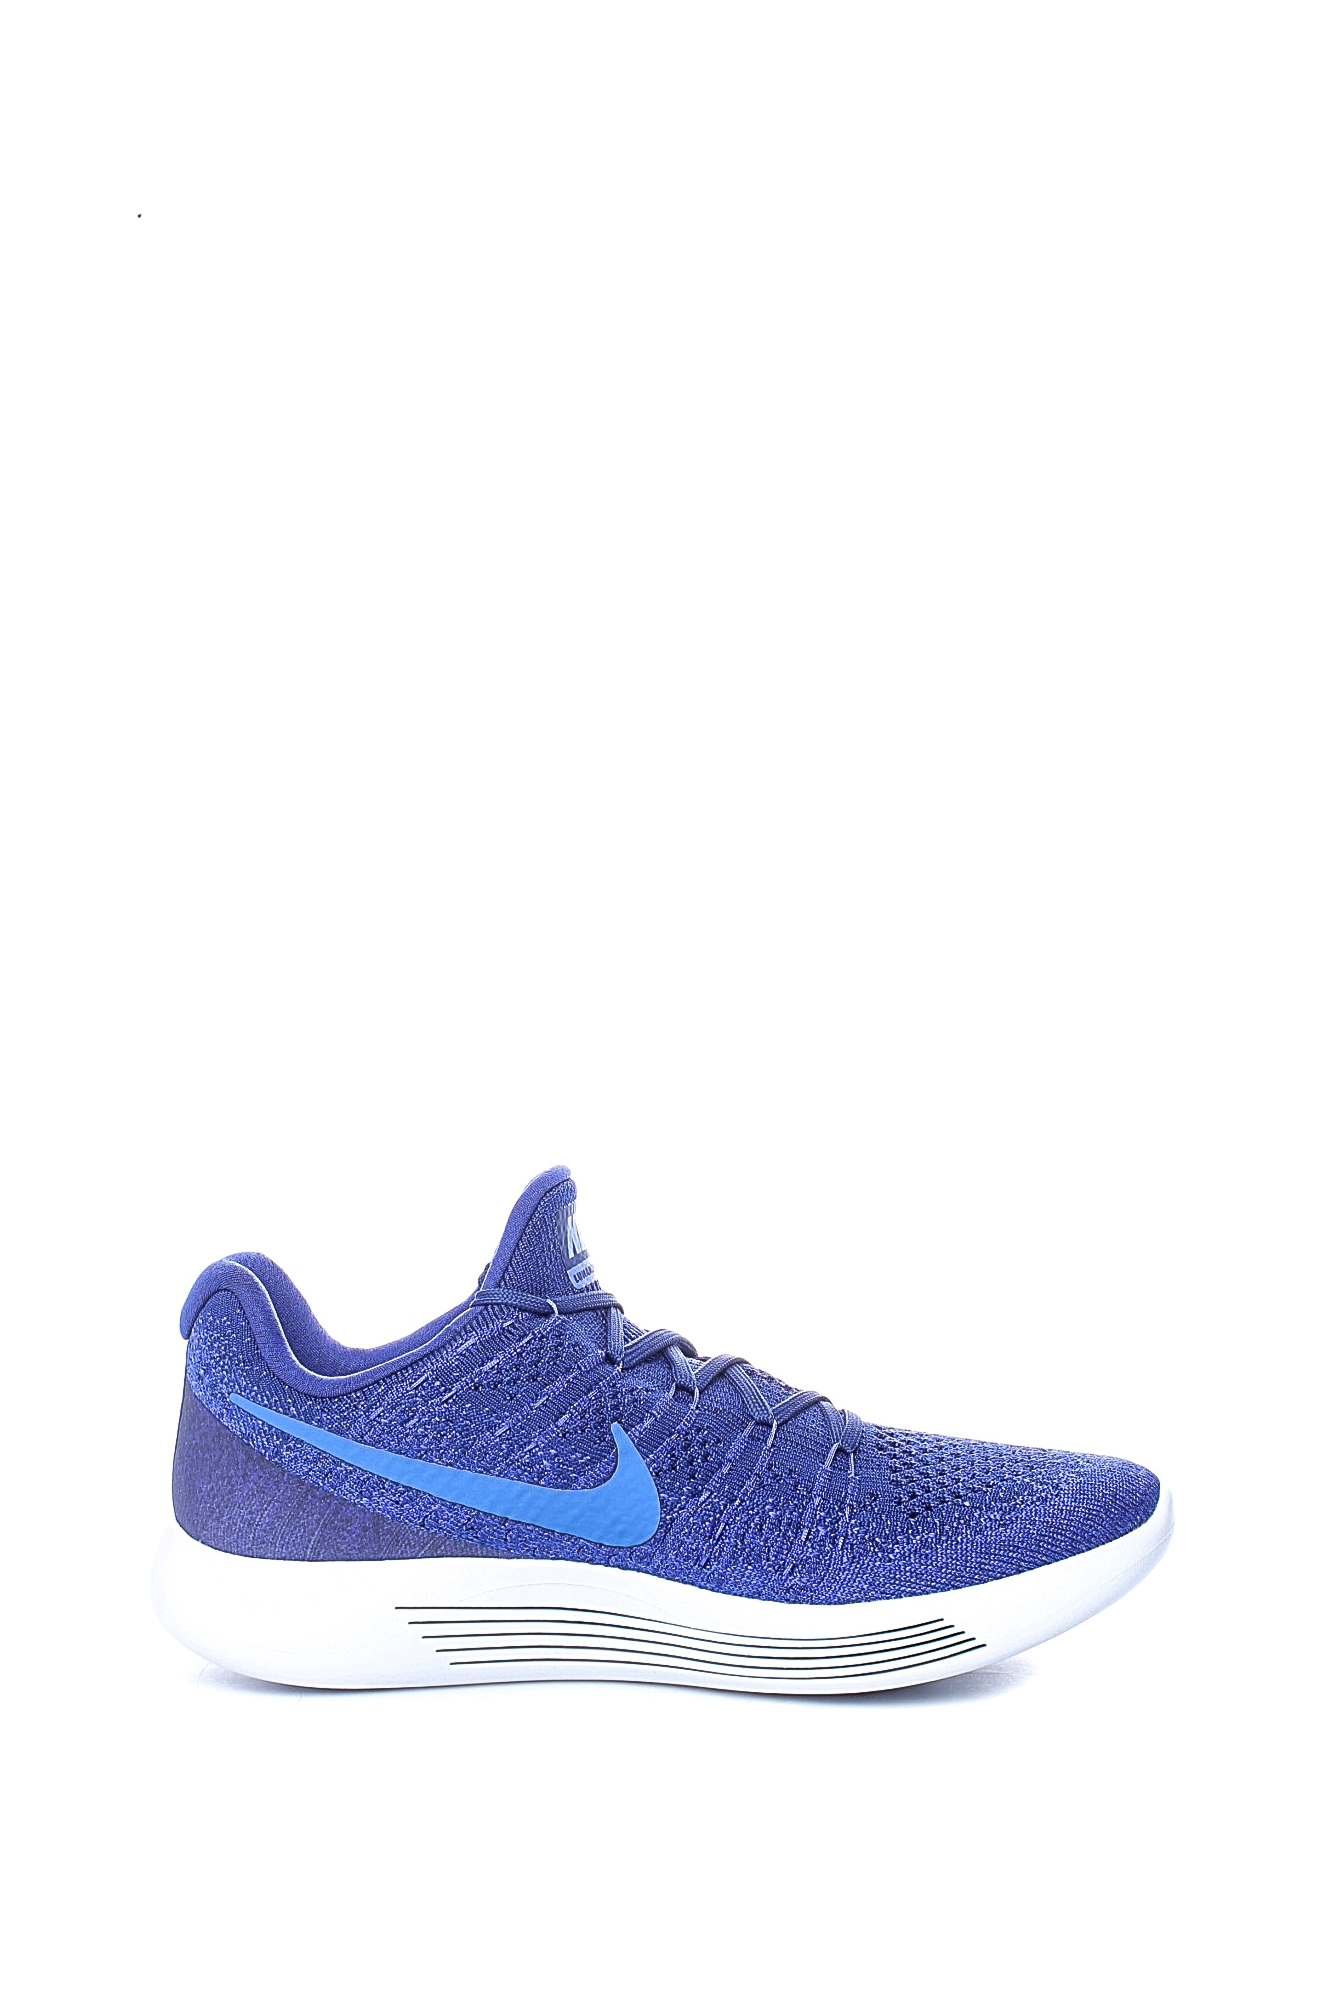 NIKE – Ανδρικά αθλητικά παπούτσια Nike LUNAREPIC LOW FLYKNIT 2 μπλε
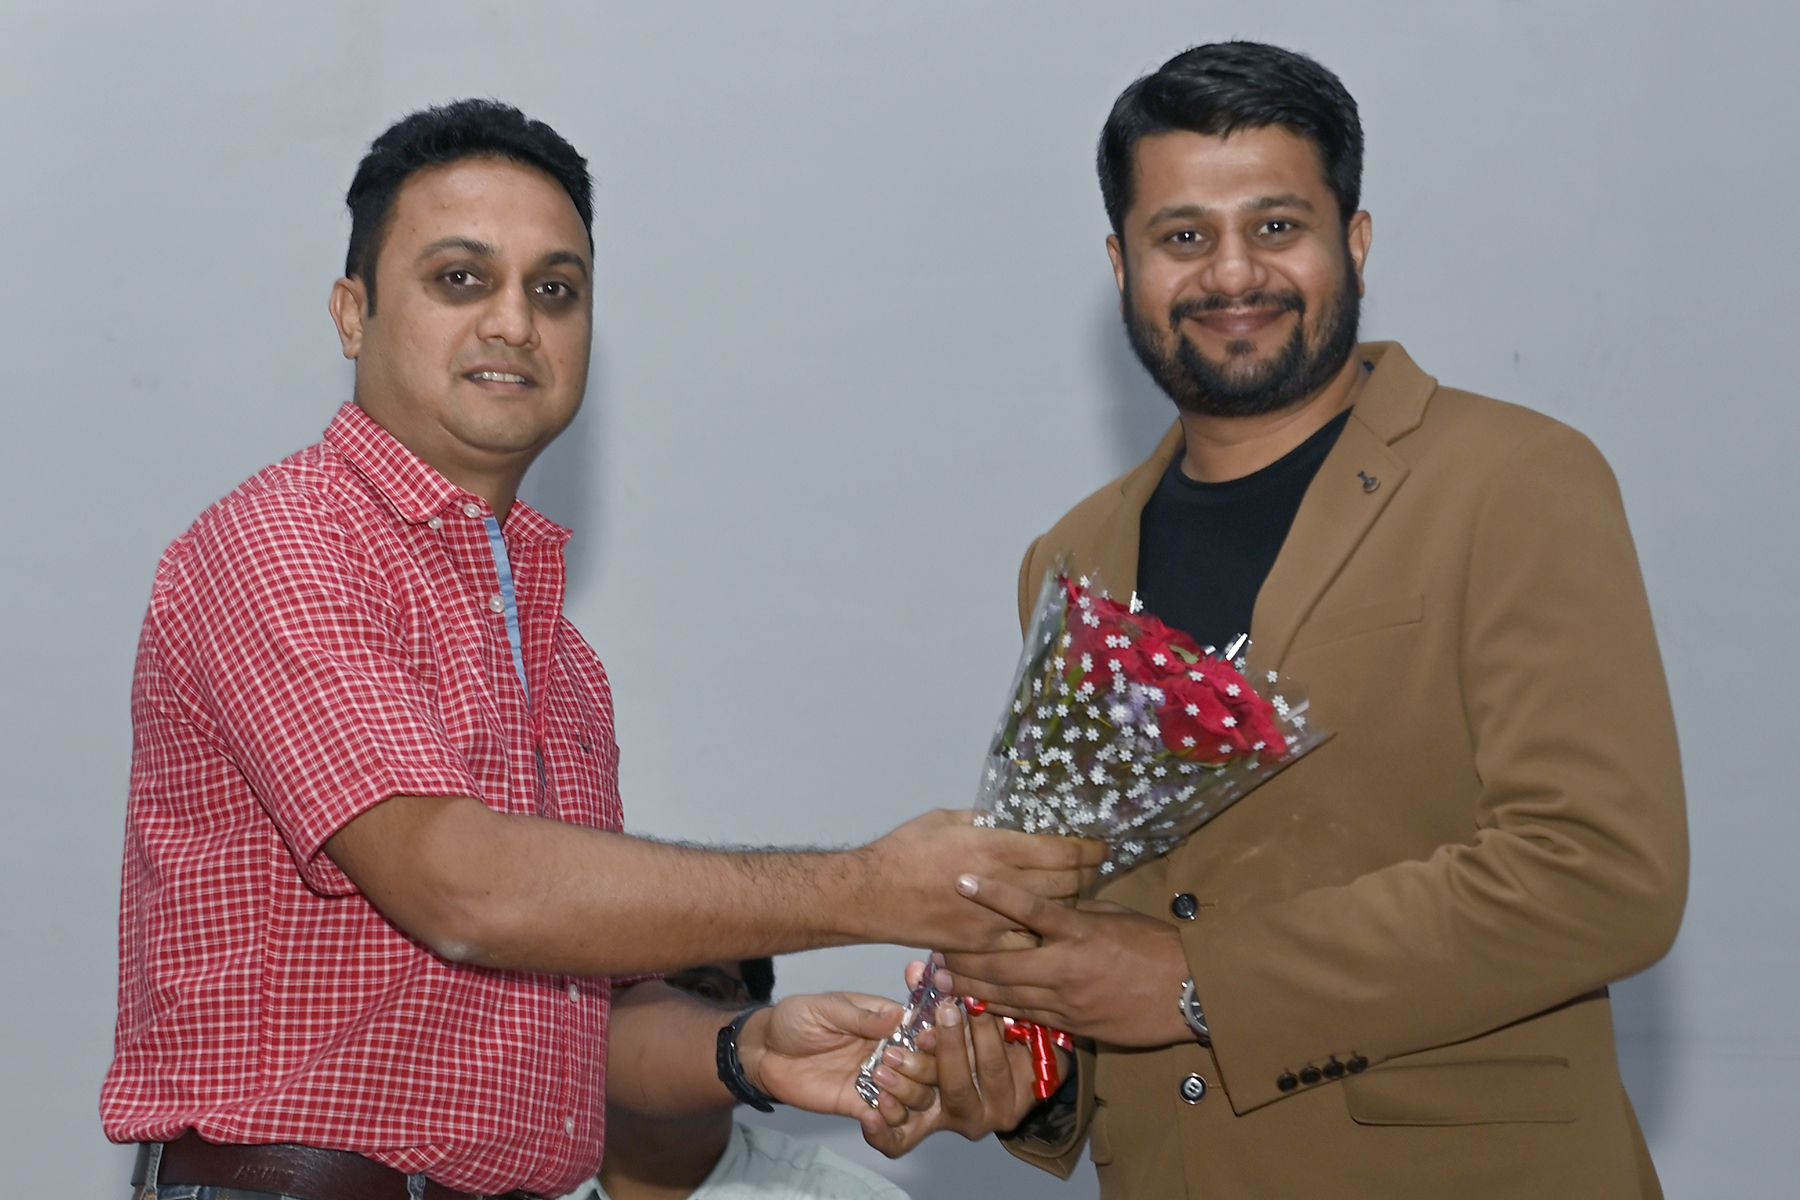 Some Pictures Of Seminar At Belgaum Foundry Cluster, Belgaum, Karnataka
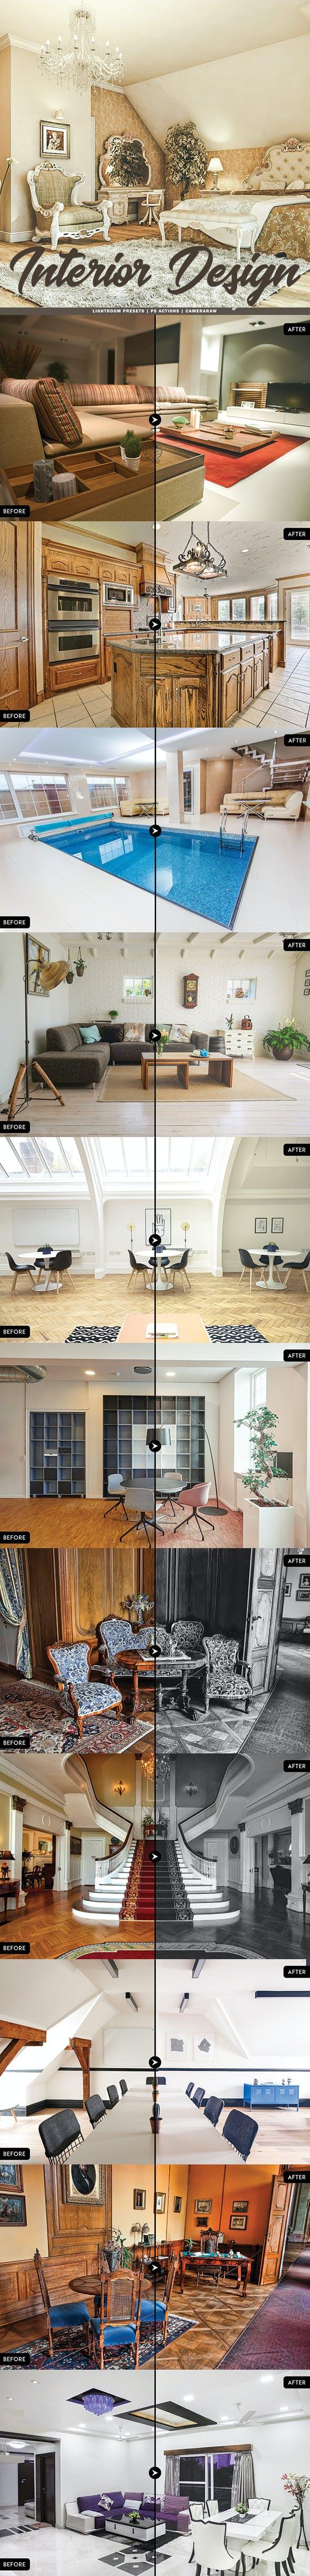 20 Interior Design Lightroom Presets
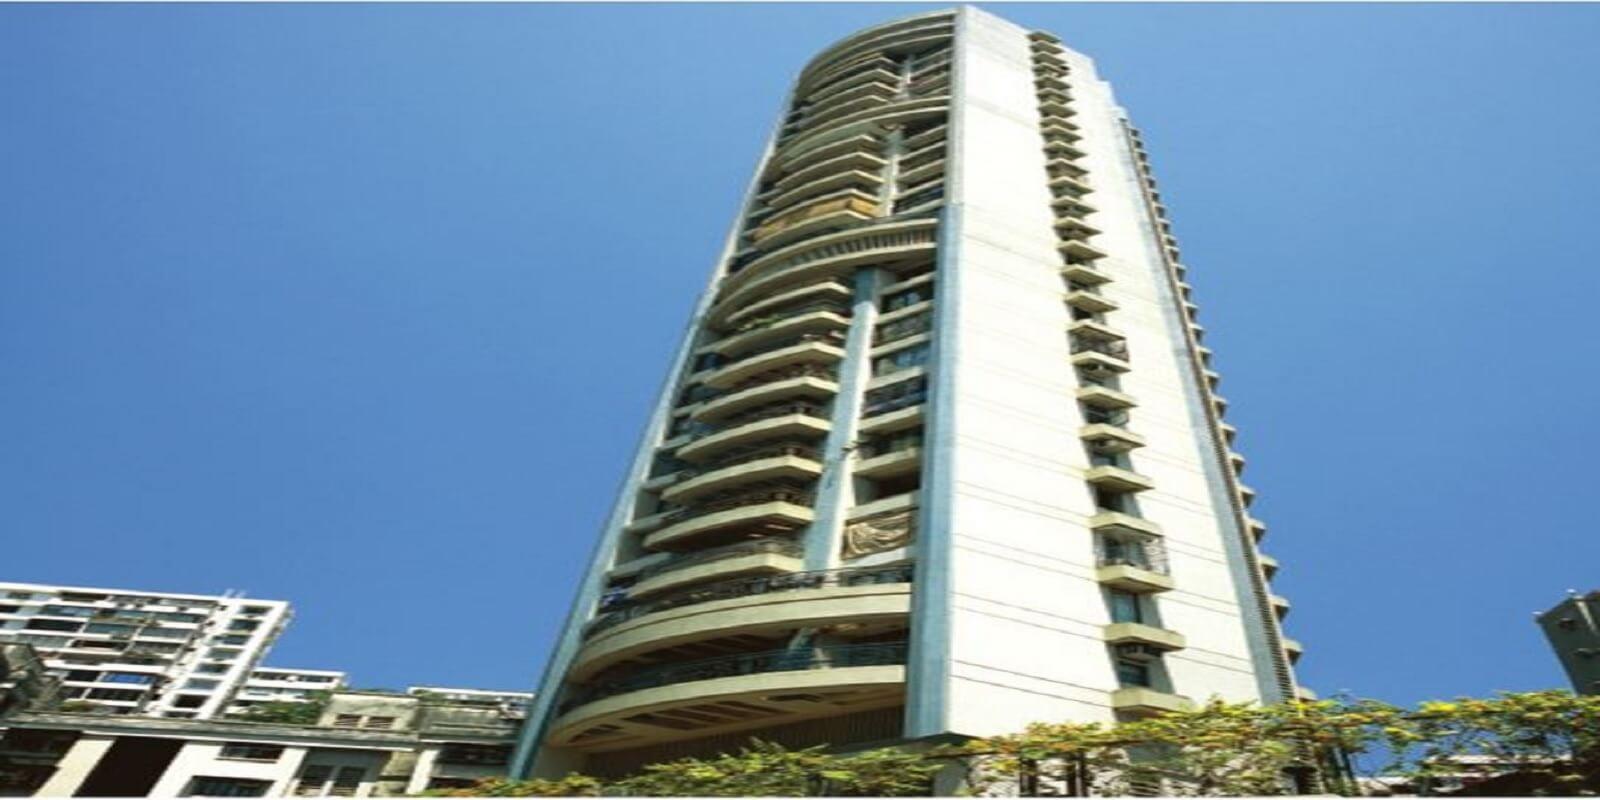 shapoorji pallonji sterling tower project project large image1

■ **Exercise aim**: Return an exact transcription of the material, with its pictures left out.

■ **Solution**:
 NIKE – Ανδρικά αθλητικά παπούτσια Nike LUNAREPIC LOW FLYKNIT 2 μπλε
 Some Pictures Of Seminar At Belgaum Foundry Cluster, Belgaum, Karnataka
 20 Interior Design Lightroom Presets
 shapoorji pallonji sterling tower project project large image1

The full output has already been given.